■ GOAL OF THE EXERCISE ■
Make an exact copy, from the records below, of the lines from the line containing "Début des années" to the line containing "Muni® 0,5 % HC Creme", both lines included, excluding pictures.

■ THE INPUT ■
━━━━━━
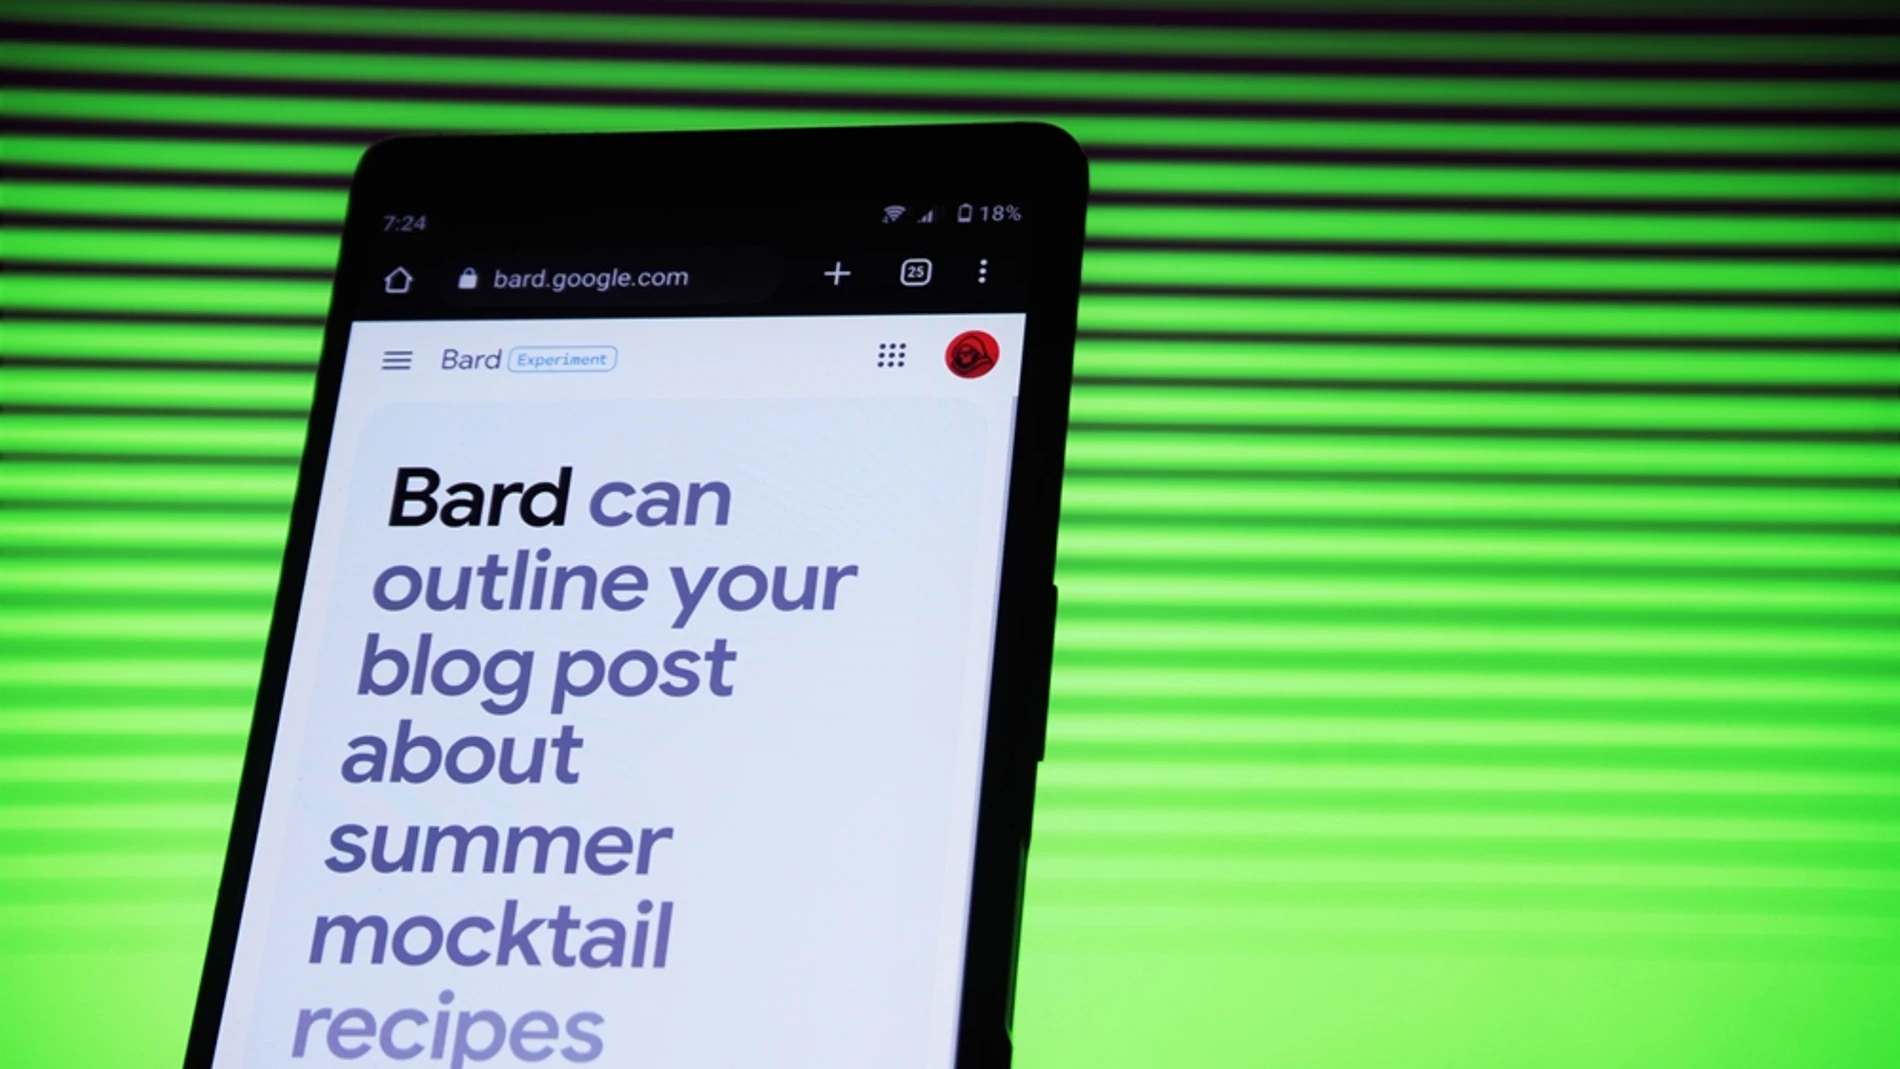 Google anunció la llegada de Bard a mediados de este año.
━━━━━━
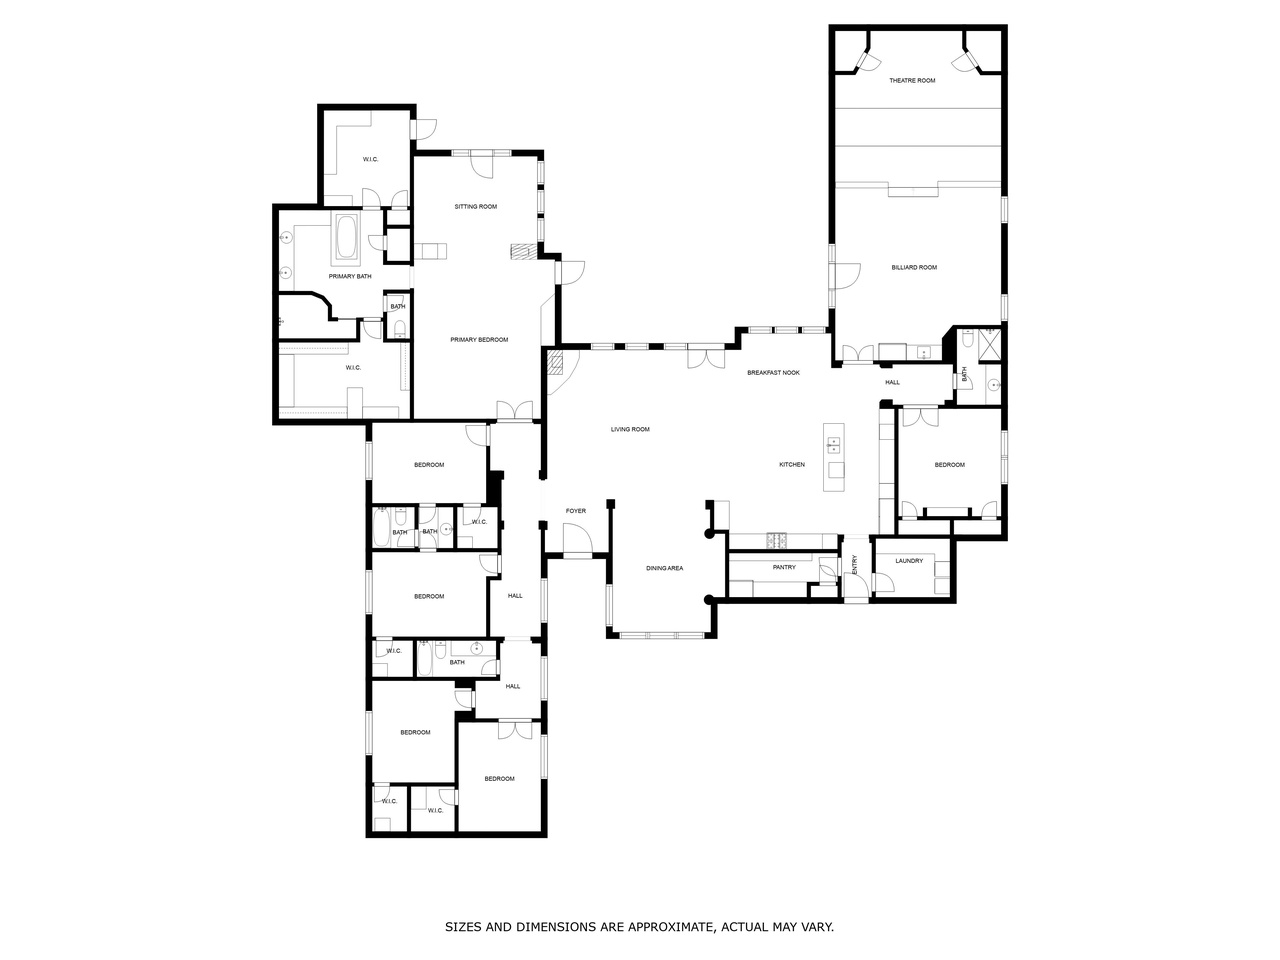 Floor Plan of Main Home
━━━━━━
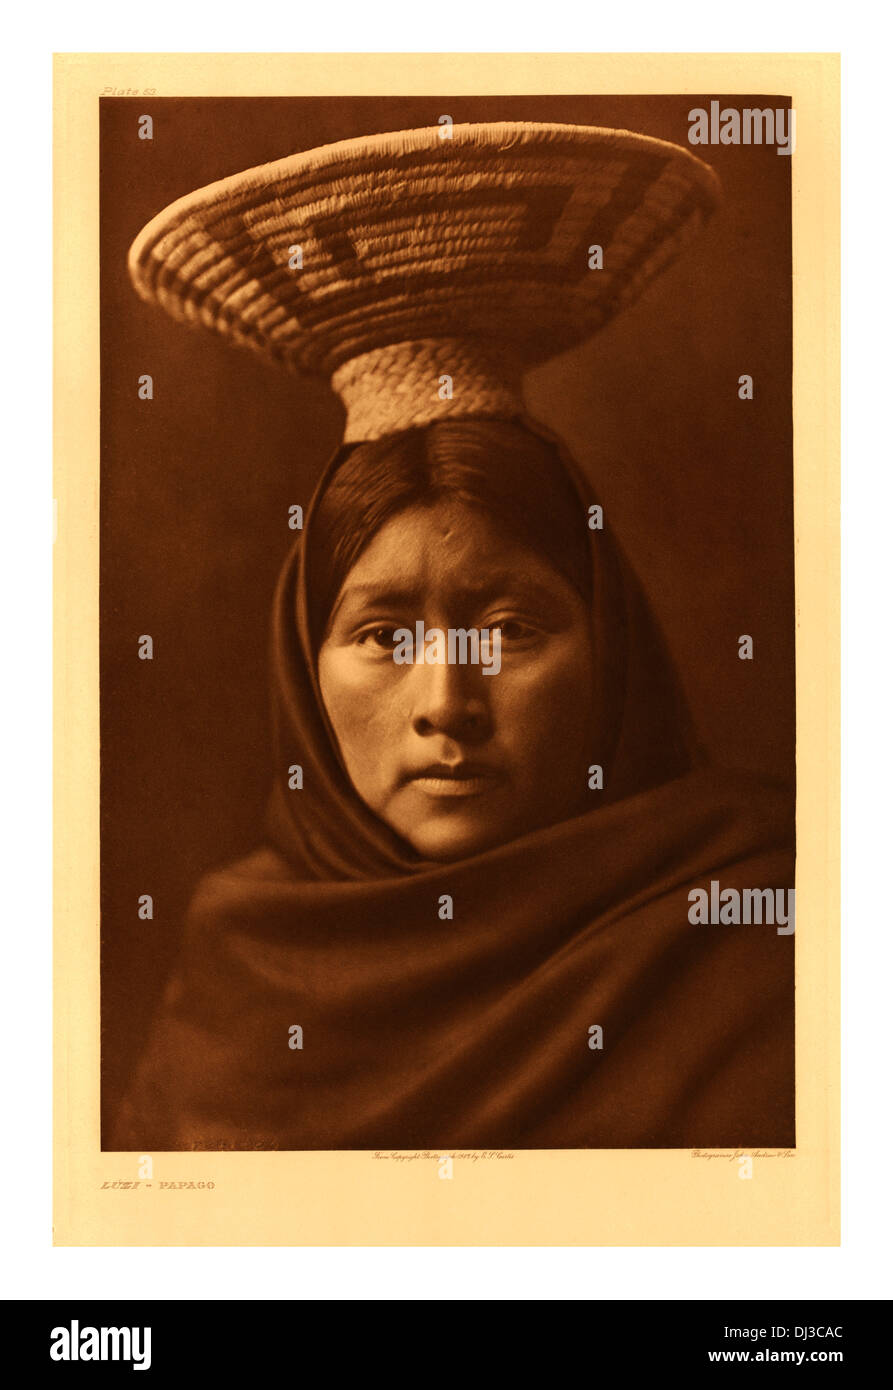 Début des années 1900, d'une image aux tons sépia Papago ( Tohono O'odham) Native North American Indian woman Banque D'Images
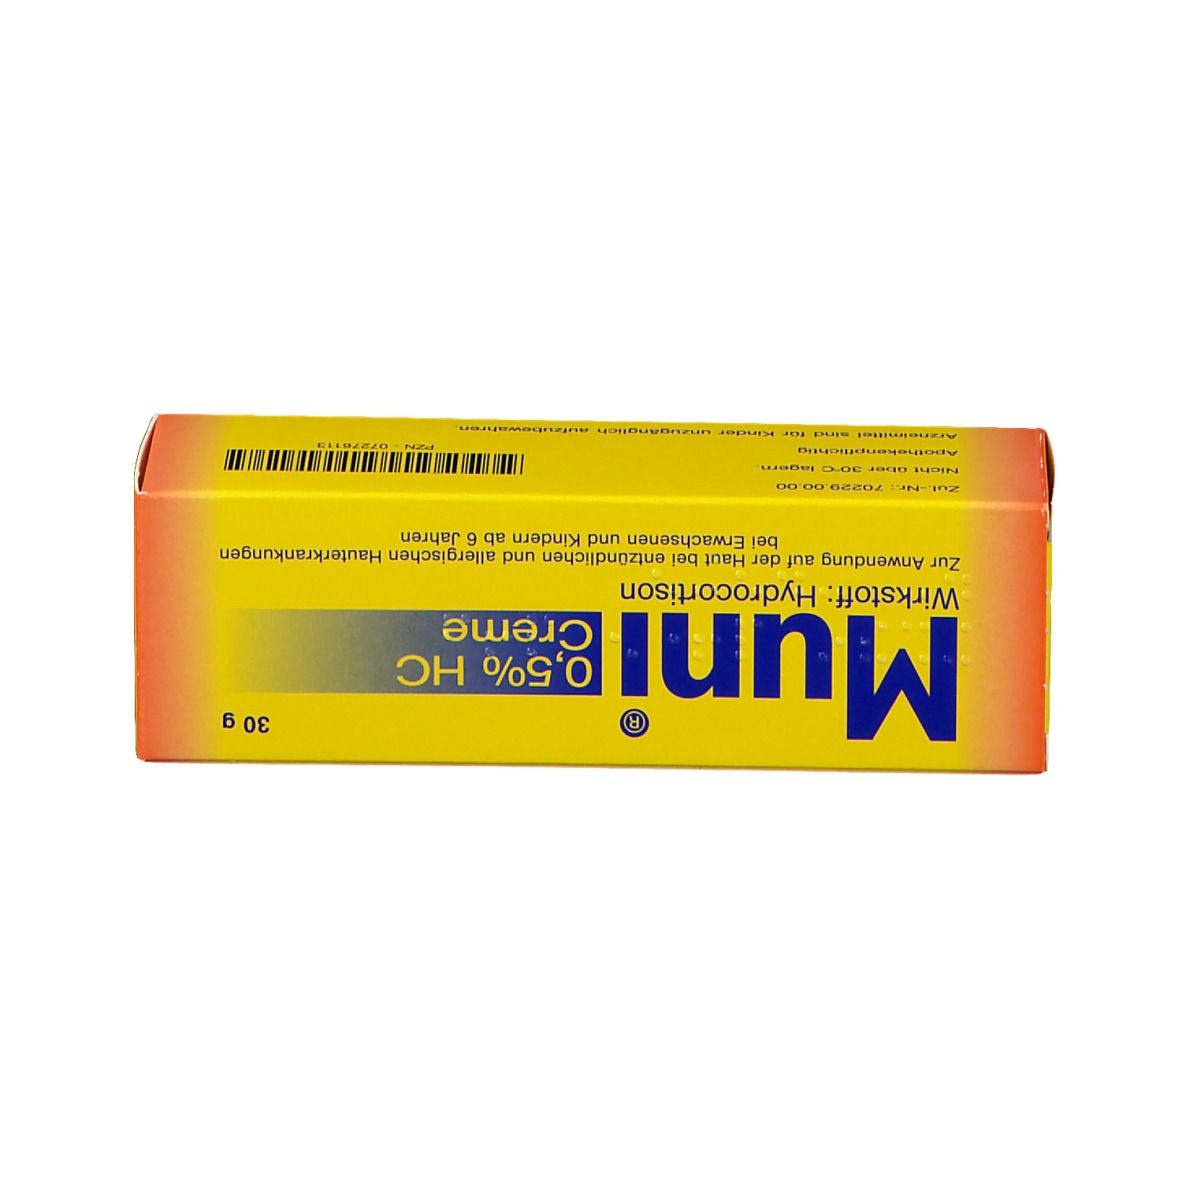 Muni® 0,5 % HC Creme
━━━━━━
■ SOLVED EXERCISE ■
 Début des années 1900, d'une image aux tons sépia Papago ( Tohono O'odham) Native North American Indian woman Banque D'Images
 Muni® 0,5 % HC Creme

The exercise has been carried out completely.